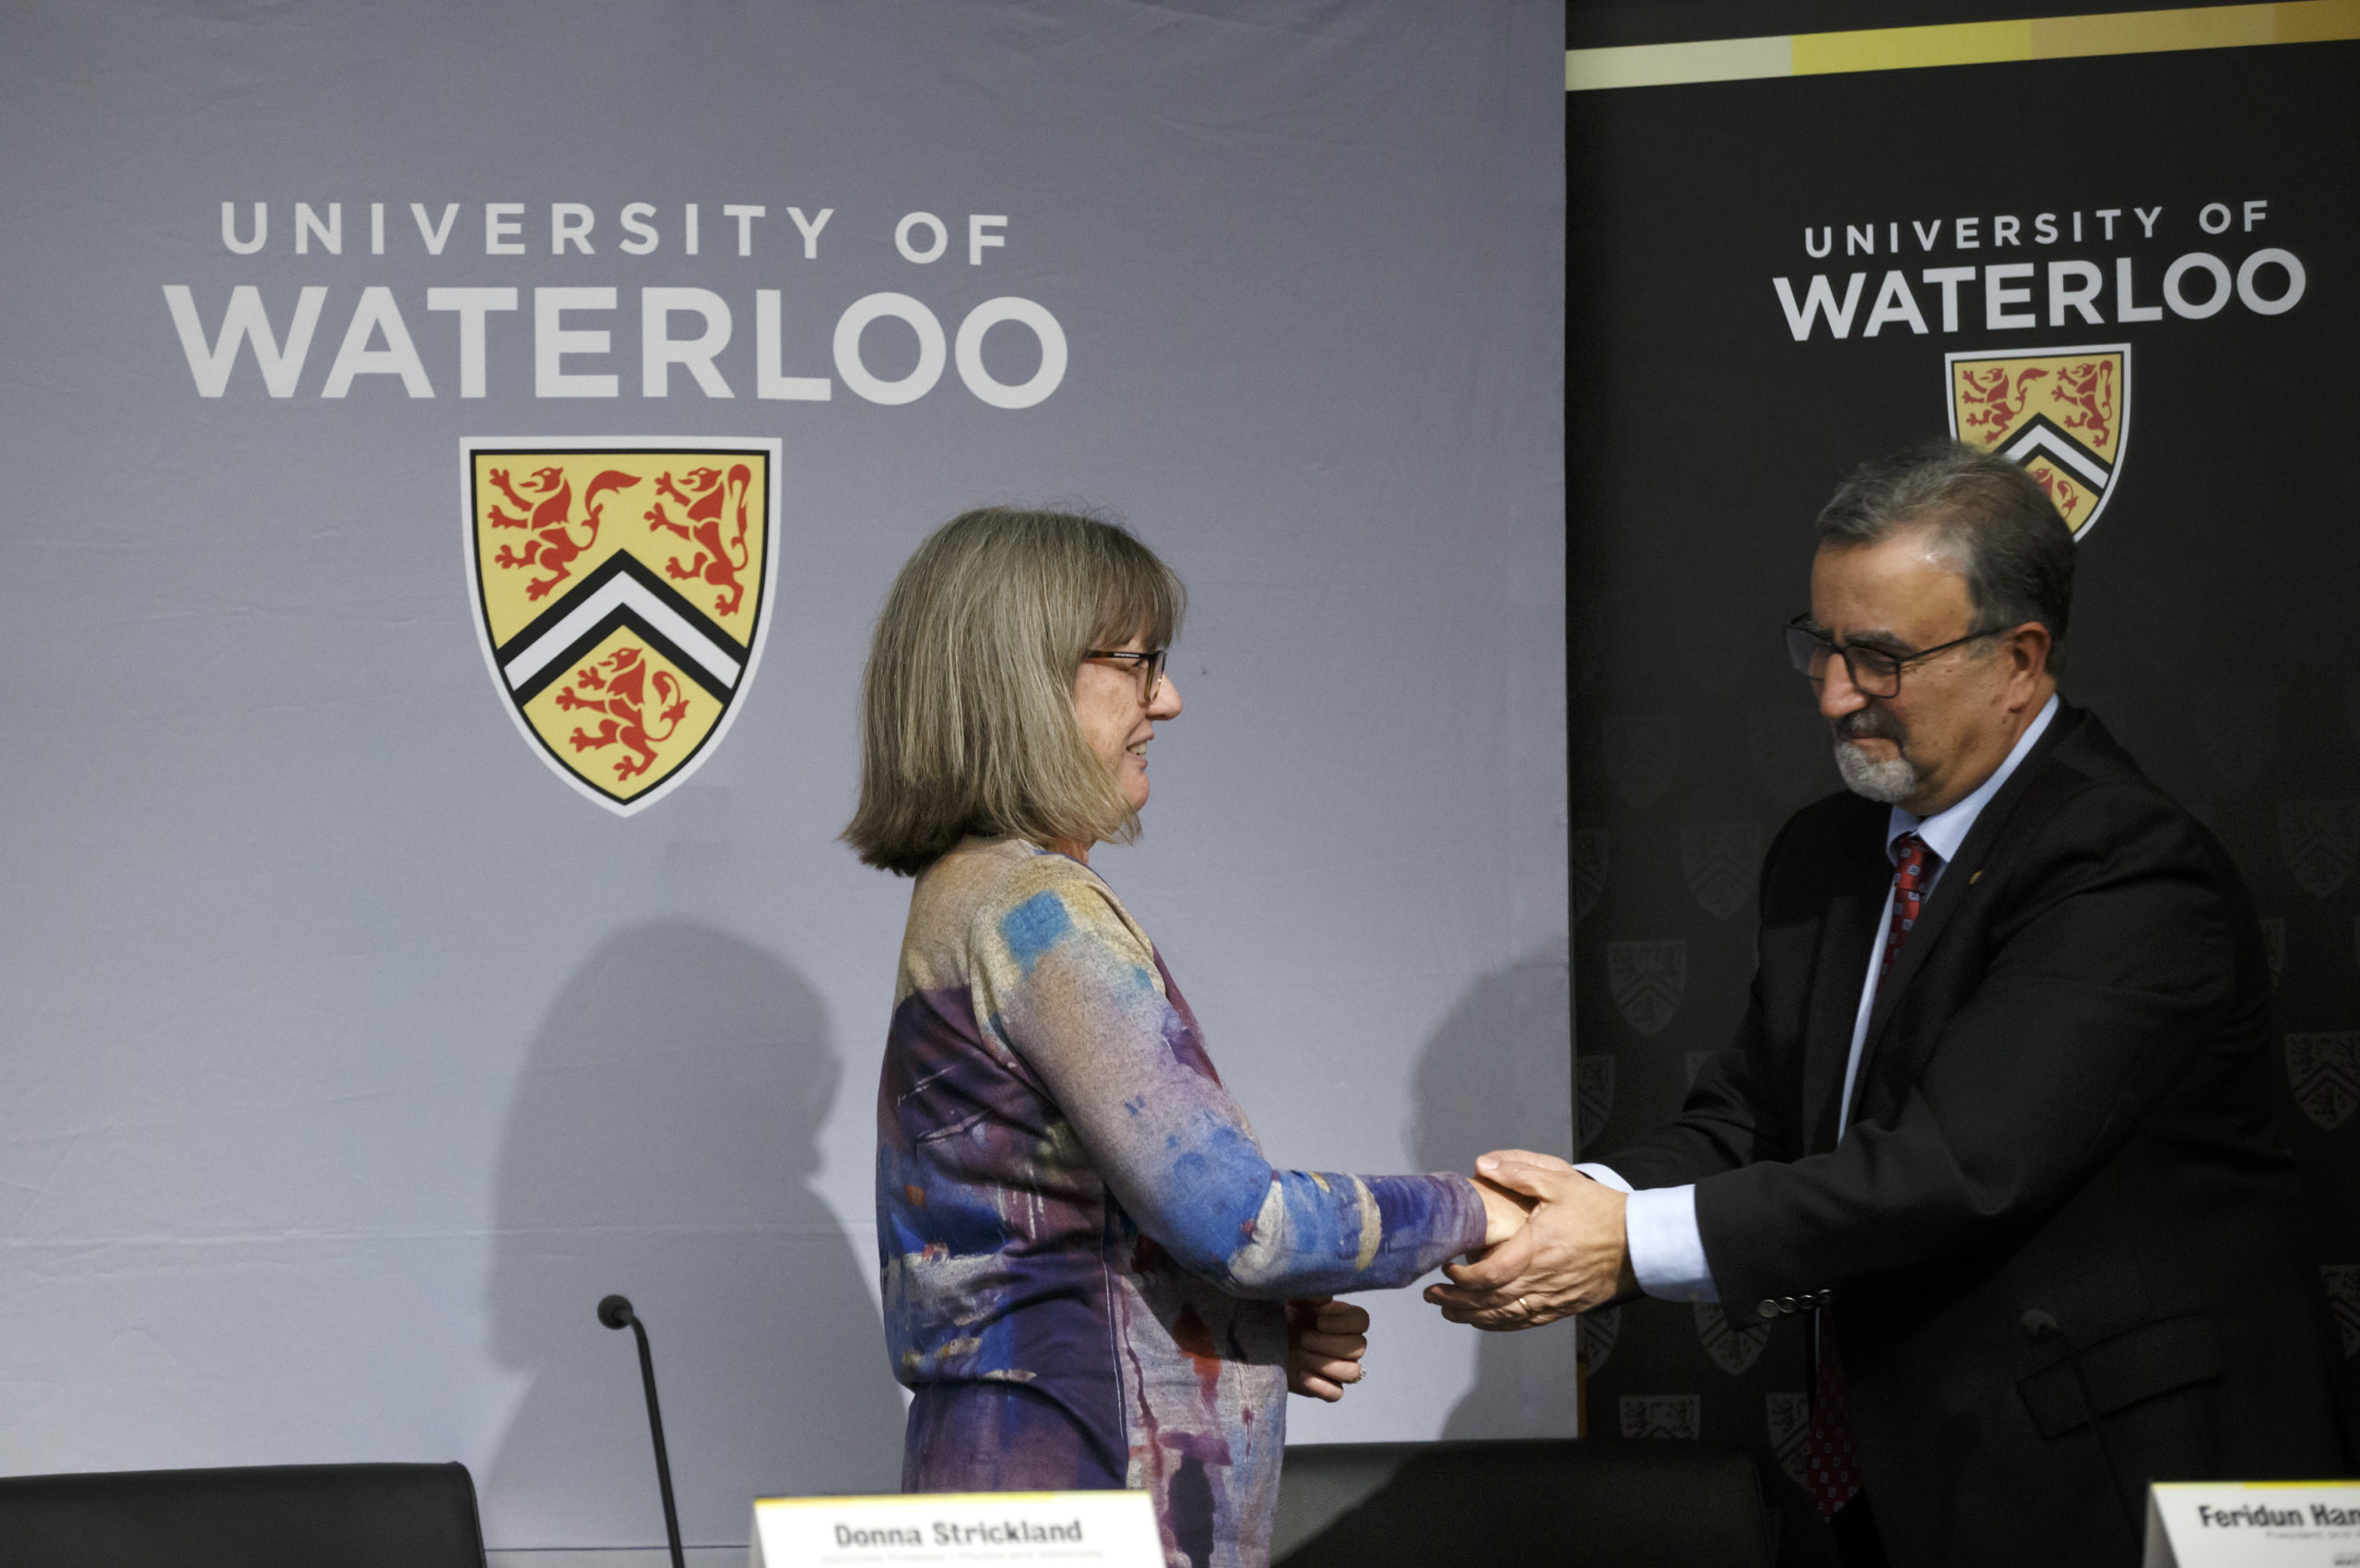 Professor Dr. Donna Strickland is congratulated by University of Waterloo president Feridun Hamdullahpur during a news conference at the University of Waterloo to field questions about her shared Nobel Prize in Physics, October 2, 2018 in Waterloo, Canada. Strickland won for her work on ultrashort lasers. The other two recipients were laser physicists Arthur Ashkin and Gérard Mourou. (Photo by Cole Burston/Getty Images)
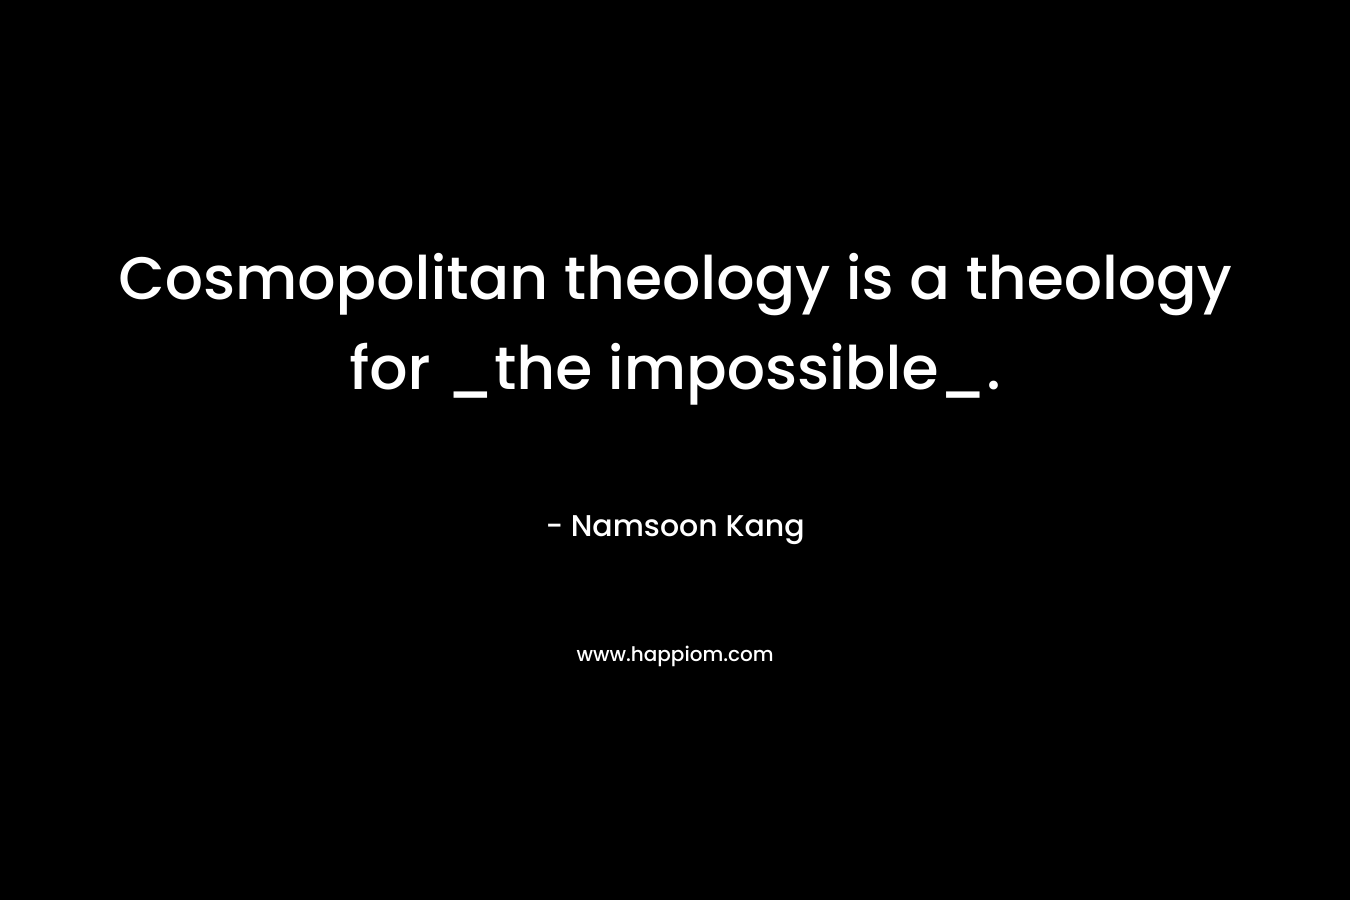 Cosmopolitan theology is a theology for _the impossible_.
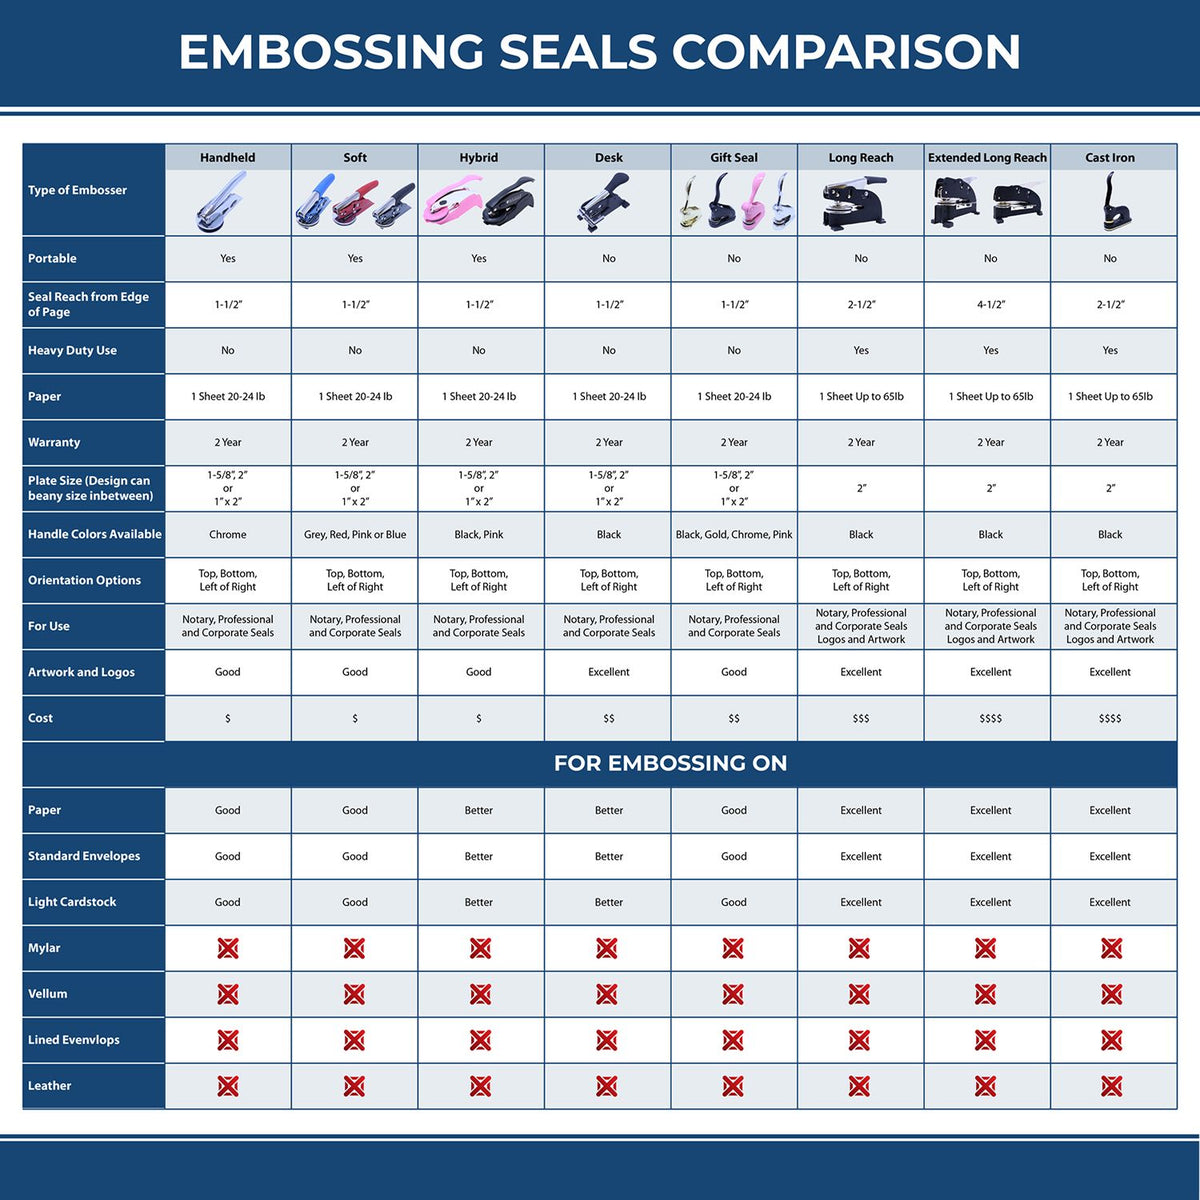 A comparison chart for the different types of mount models available for the Michigan Engineer Desk Seal.
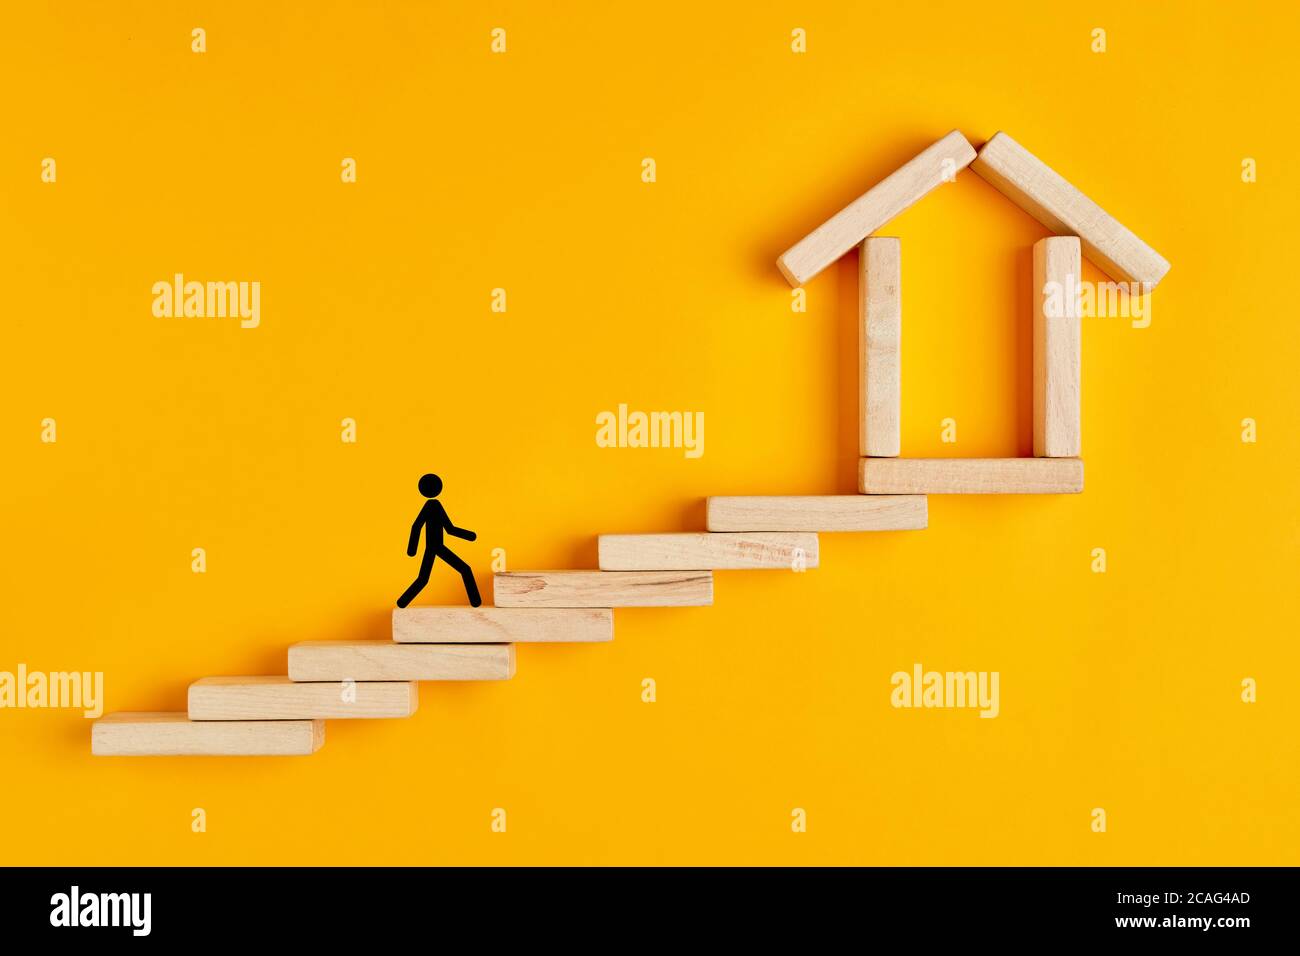 Male stickman climbing the ladders towards home formed by wooden blocks on yellow background. Stock Photo
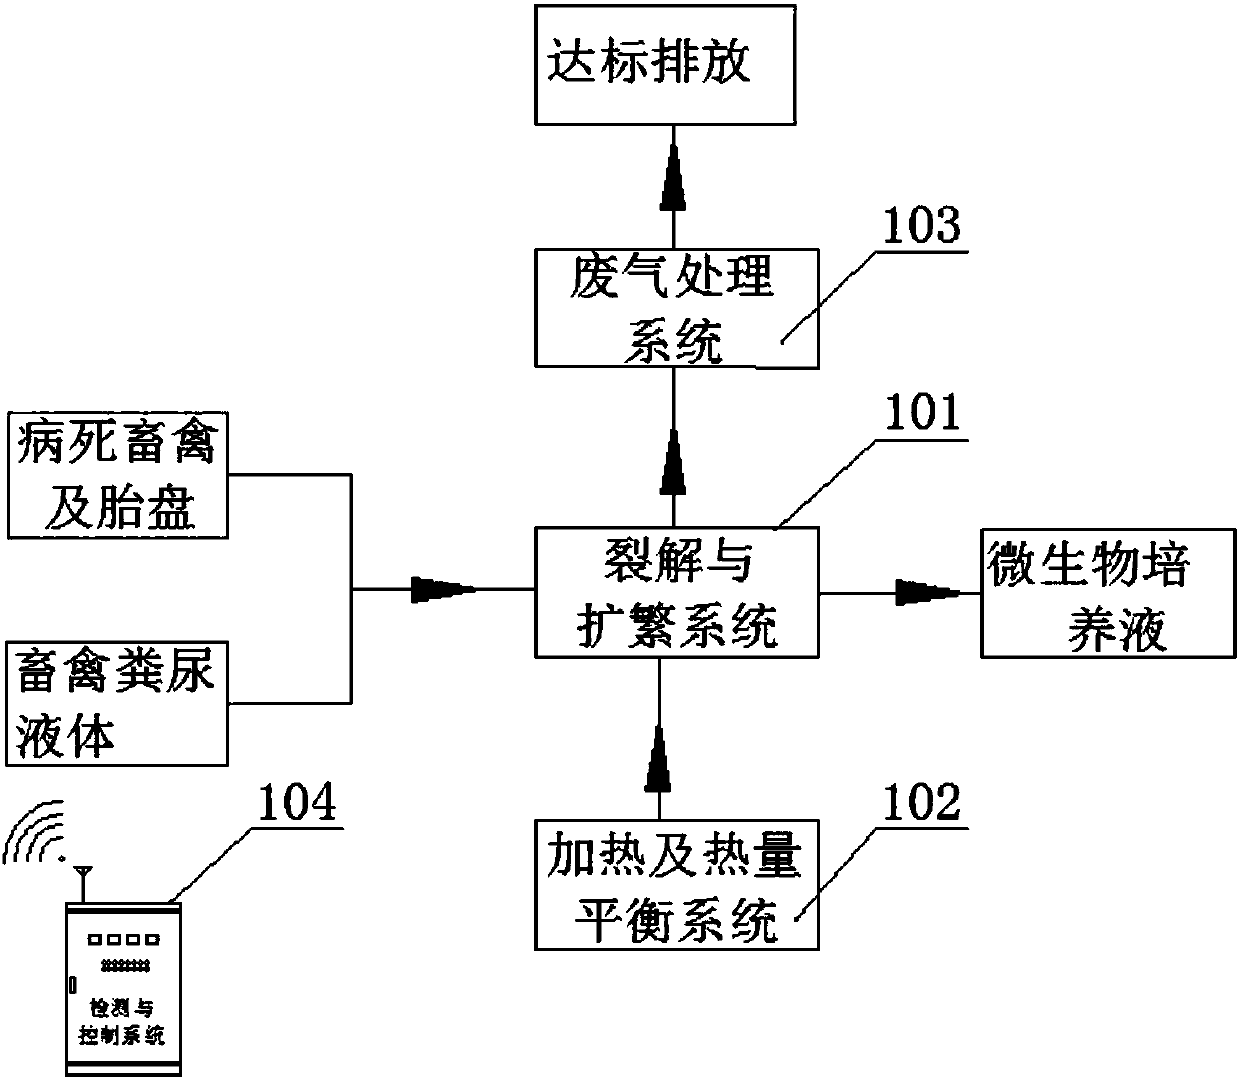 Treating system and method for livestock and poultry dying of disease

####

> **Problem details**:
Retype exactly the lines above, starting at the line containing "A comparison chart" and ending with the last line, both included; leave out the pictures.

> **Answer for this exercise**:
 A comparison chart for the different types of mount models available for the Michigan Engineer Desk Seal.
 Male stickman climbing the ladders towards home formed by wooden blocks on yellow background. Stock Photo
 Treating system and method for livestock and poultry dying of disease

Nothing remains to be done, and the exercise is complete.